HOST="127.0.0.1"PORT=8002sed -i -r "s/target:\s*\"\"/target: \"${HOST}:${PORT}\"/" frontend/React/vite.config.ts

2. Make sure you have Node.js and npm installed on your system. for Ubuntu systems, you can use the following command to install it:

sudo apt install nodejs npm

For Windows, you need to download and install the appropriate version of Node.js for your system from the [official Node.js website](https://nodejs.org/zh-cn/download/prebuilt-installer).

3. Go to the `frontend/React` directory and execute the following commands to install the project dependencies and start the React frontend:

cd frontend/Reactnpm installnpm start

3.2 Gradio

Start the Gradio front-end by executing the following command from the command line:

python frontend/mindsearch_gradio.py

3.3 Streamlit

Use the following command to start the Streamlit front end:

streamlit run frontend/mindsearch_streamlit.py

3,local debugging

If you wish to debug locally, you can use the following command:

python mindsearch/terminal.py

Through local debugging, you can more conveniently check and optimize the operation of MindSearch in your local environment, view detailed log information in order to find and solve possible problems in time.

concluding remarks

MindSearch has created a wave of innovation in the field of information retrieval with its unique technology, rich functionality and multiple application scenarios.
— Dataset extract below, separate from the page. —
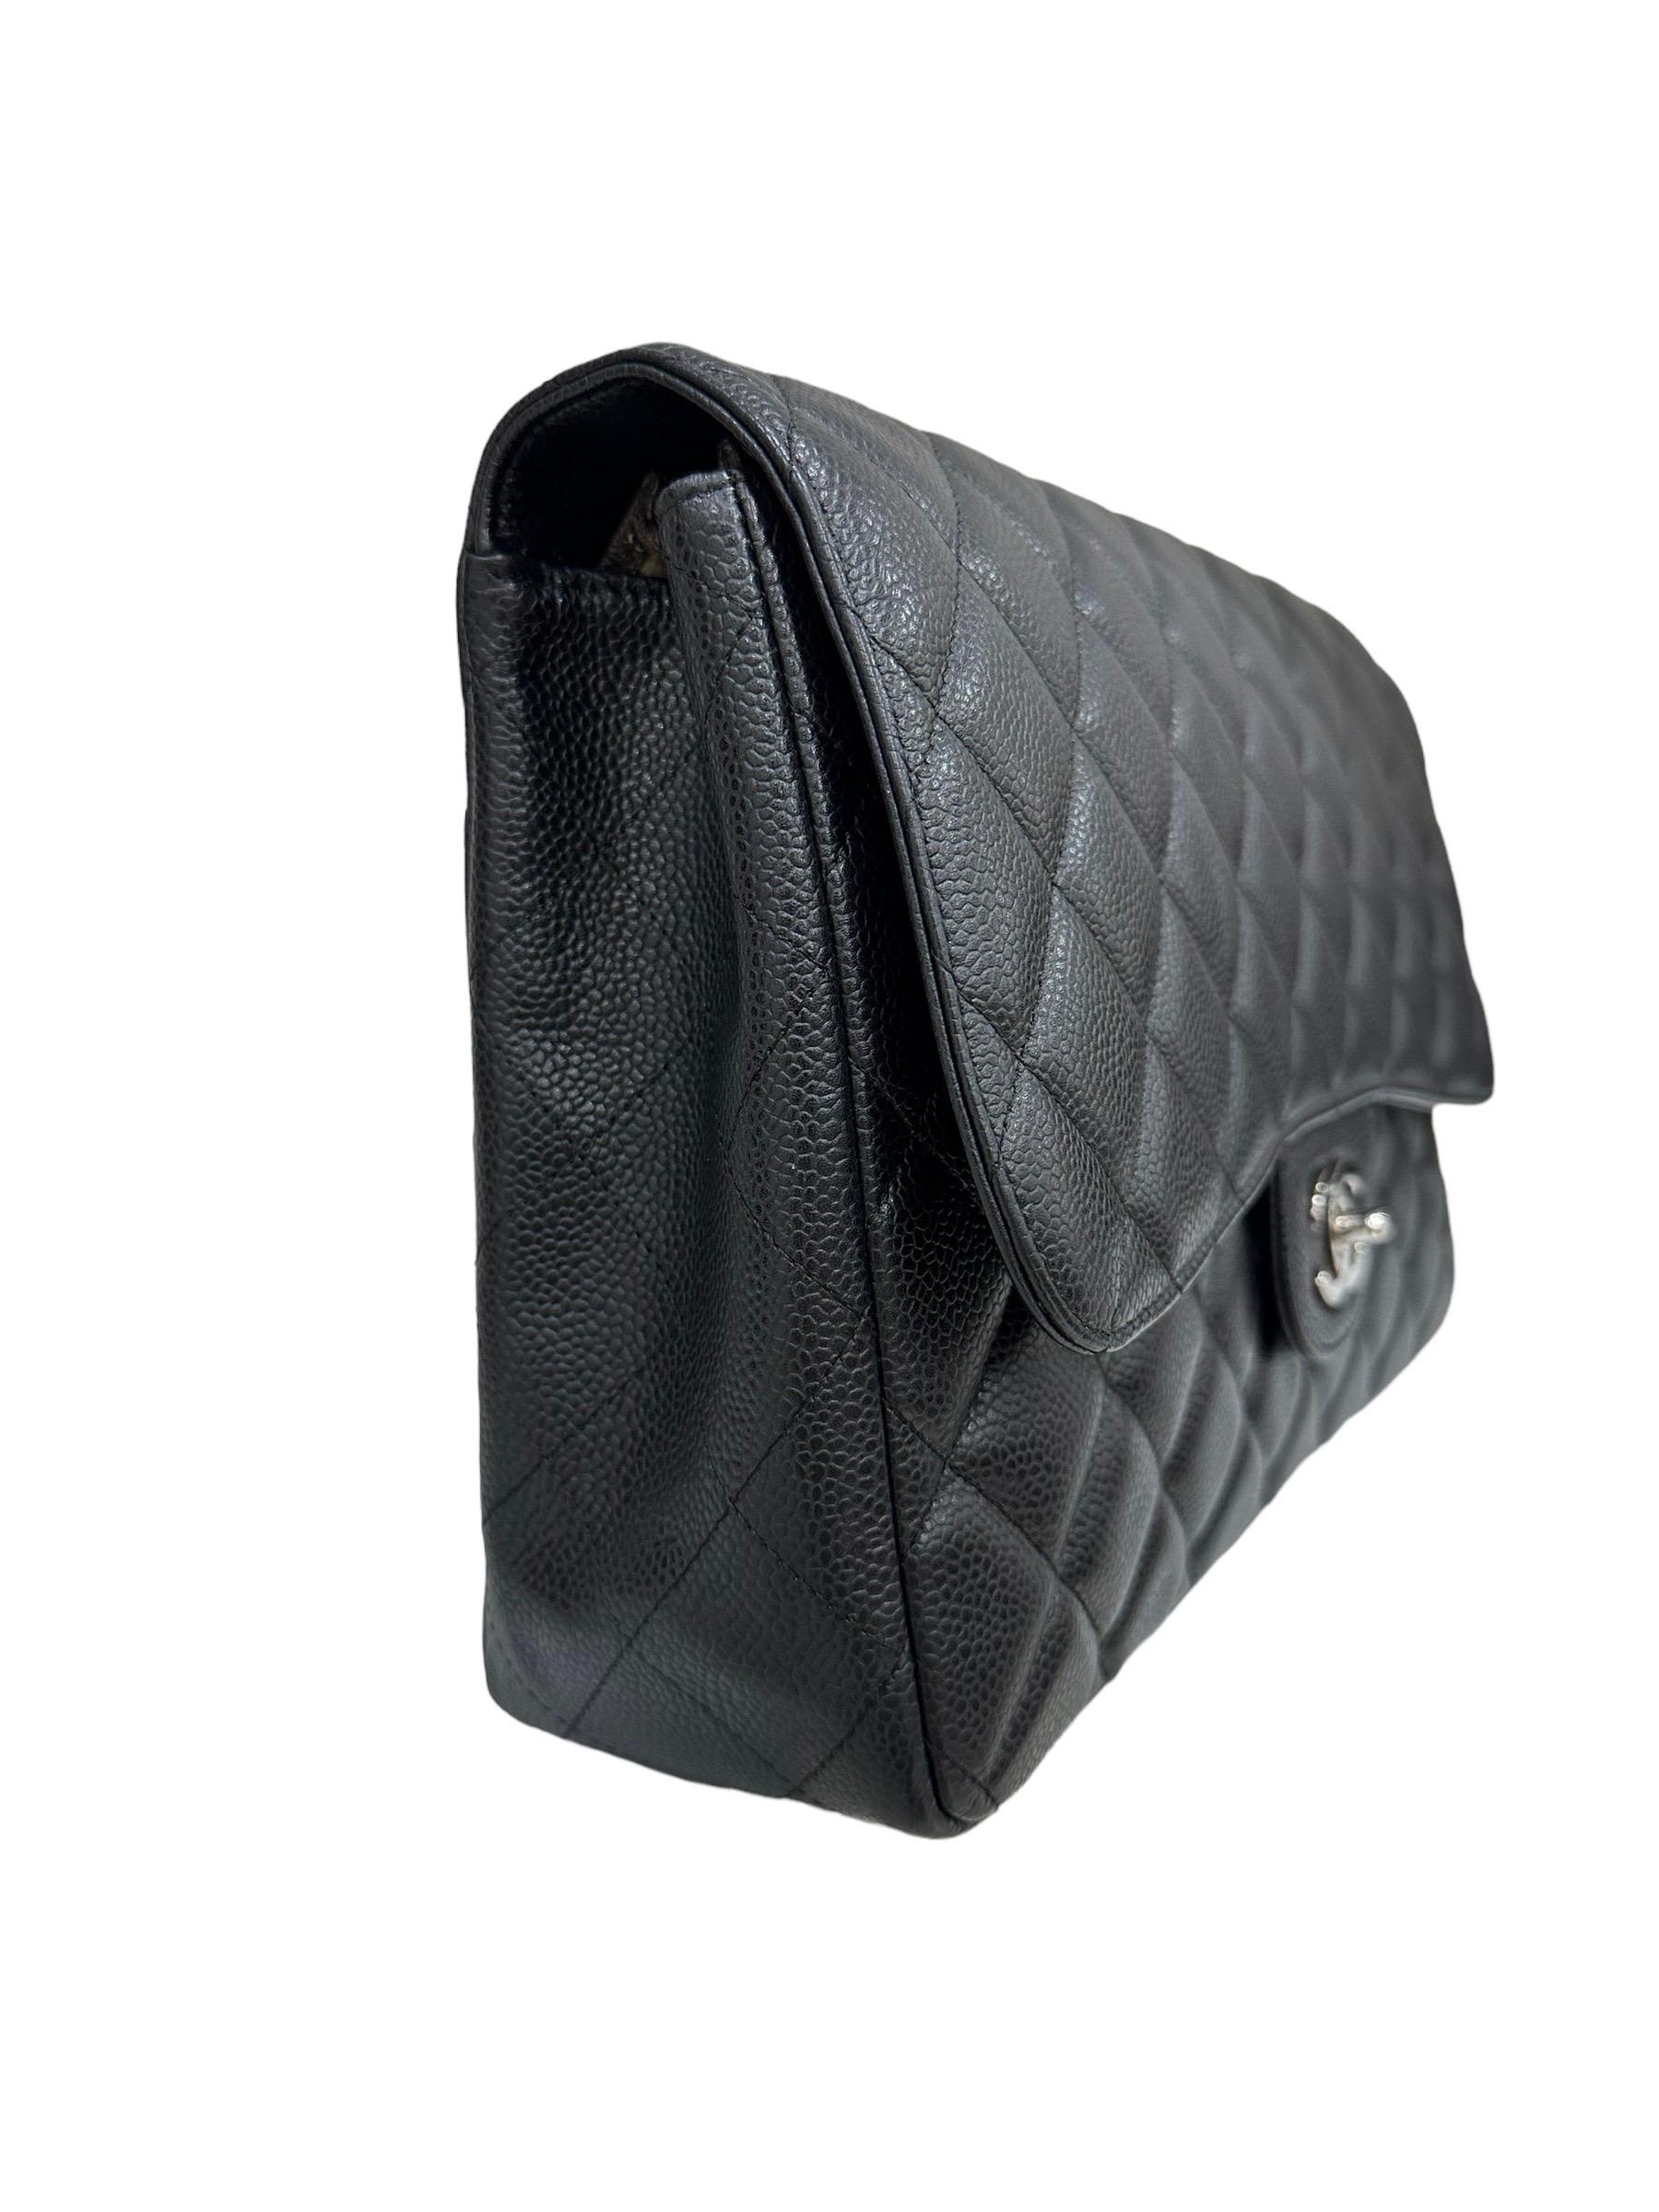 2009 Chanel Jumbo Black Caviar Leather Top Shoulder Bag  In Excellent Condition For Sale In Torre Del Greco, IT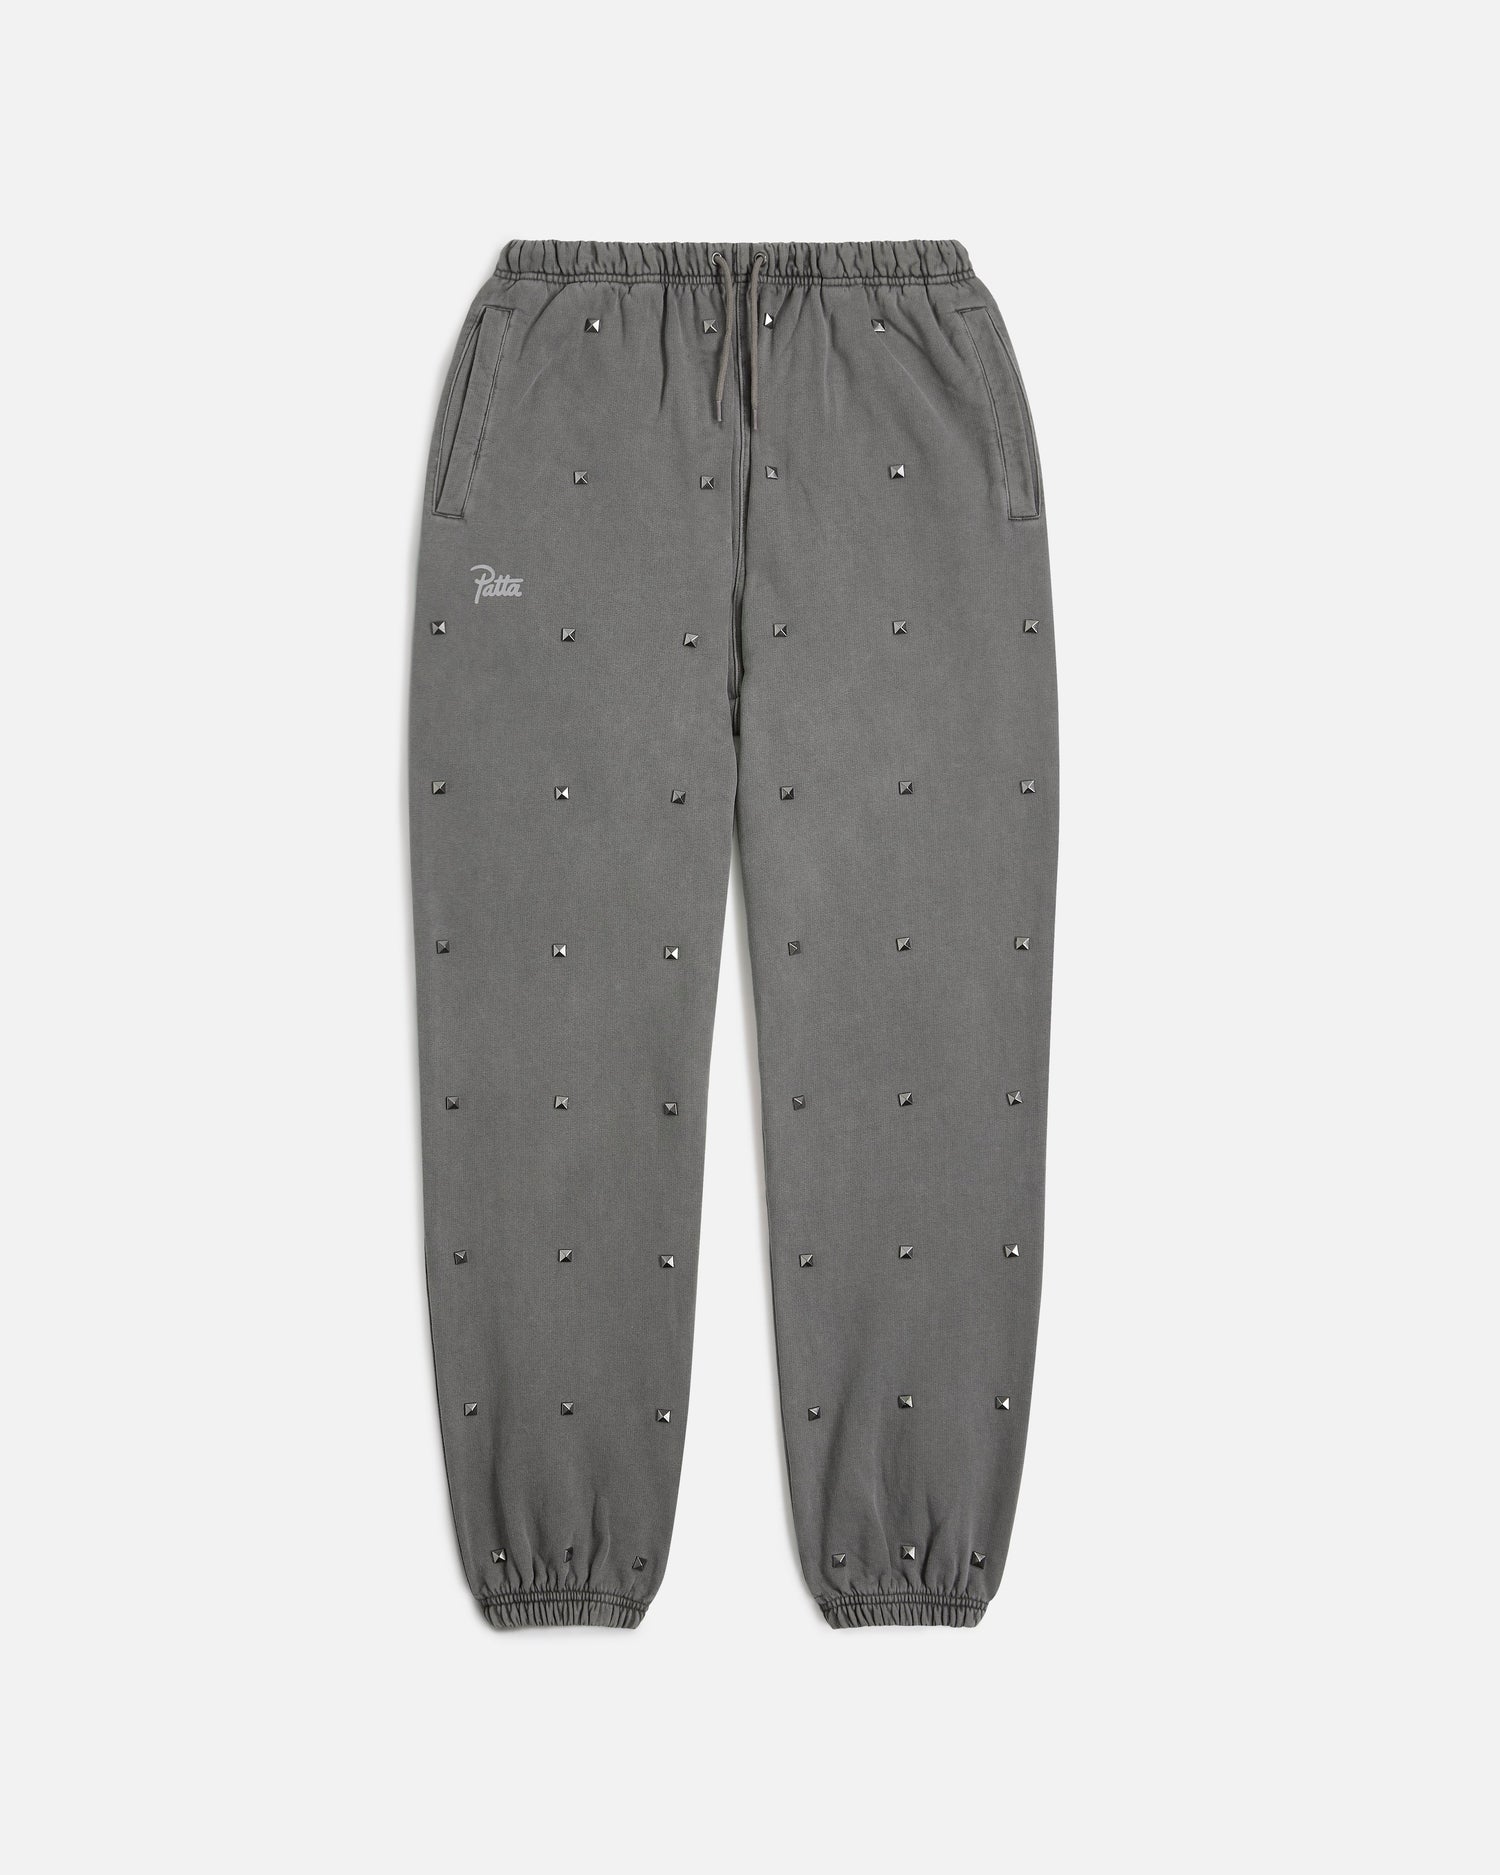 Patta Studded Washed Jogging Pants (Volcanic Glass)

It improves the efficiency and quality of users' information access, builds an innovative platform for developers, and promotes the development of AI search engine technology. It has great potential and value in academic, creative and commercial fields. We believe that MindSearch will continue to evolve in the future, helping us explore the knowledge universe more efficiently and enjoy a new experience of intelligent information retrieval.